Very interested article. I've often railed against putting your thumb on the sca...

Very interested article. I've often railed against putting your thumb on the scale (or even worse, second-guessing) machine learning models by applying too many so-called "business rules," especially post hoc rules. If the model doesn't learn on its own what you consider to be obvious structure of the data, then either you've chosen the completely wrong model and it won't be able to learn non-obvious truths either, OR your expectations were wrong and the "obvious" structure isn't real. Ineed, the model discovering, entirely on its own, the same structure as a human analyst is often the first evidence we see that the model works! In any case it does you no good to try and force it to fit your preconceptions with post hoc adjustments. Either fix your preconceptions (if they are mistaken) or switch to a model which naturally agrees with you.

Sutton takes an even more extreme point of view, suggesting that most human feature engineering is similarly a waste of time. It's hard to argue with if you know the history: some of the best computer vision algorithms use exactly two mathematical operations, convolution (which itself only requires addition and multiplication) and the max(a,b) function. (This is true because both ReLU and MaxPool can be implemented with max(), and because a fully connected layer is a special case of a convolution.) A similar story occurred in speech recognition, with human designed features like phonemes and MFCC are giving way to end-to-end learning. Indeed, even general purpose fully connected neural networks started to work much better once the biologically-motivated sigmoid() and tanh() were replaced with the much simpler ReLU function, which is is just ReLU(x) = max(x, 0). What really made the difference was leveraging GPUs, using more data, automating hyperparameter selection, and so on.

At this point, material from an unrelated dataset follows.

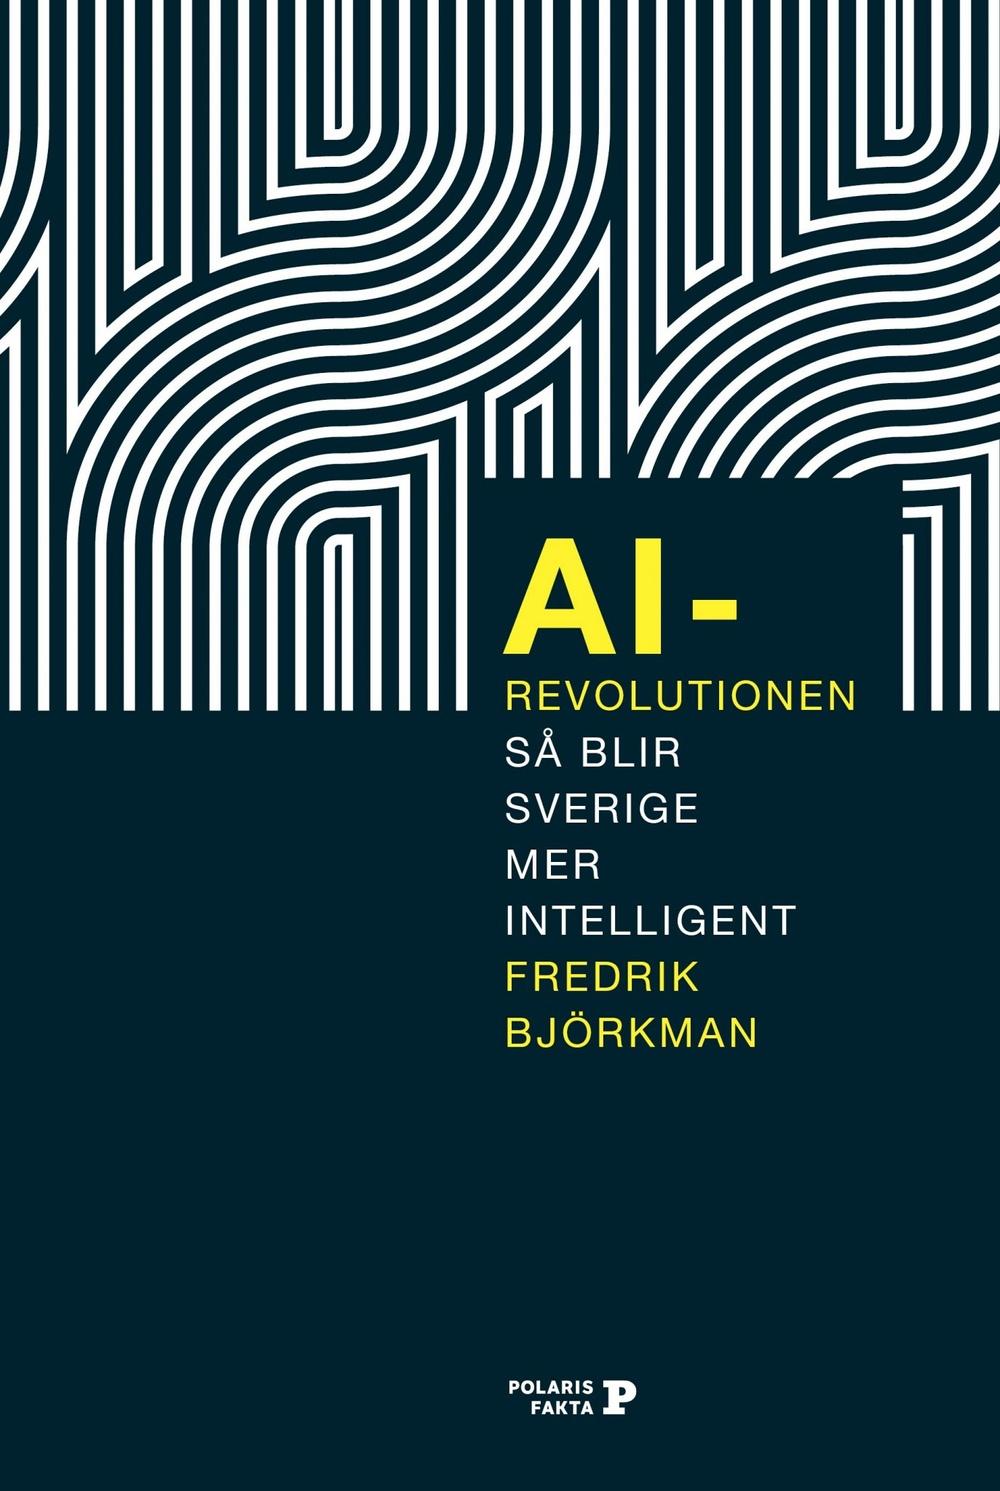 Bokomslag: AI-revolutionen

I'm not sure if there's really a lesson there, or if this trend will hold indefinitely, and I'm not sure why the lesson would be "bitter" even if it holds. Certainly opinions are mixed. One the one hand, many researchers such as Andrew Ng are big proponents of end-to-end learning; on the other hand, no one can currently conceive of training a self-driving car that way. But avoiding domain-specific, human-engineered features may be a viable guiding philosophy for making big, across-the-board advances in machine learning.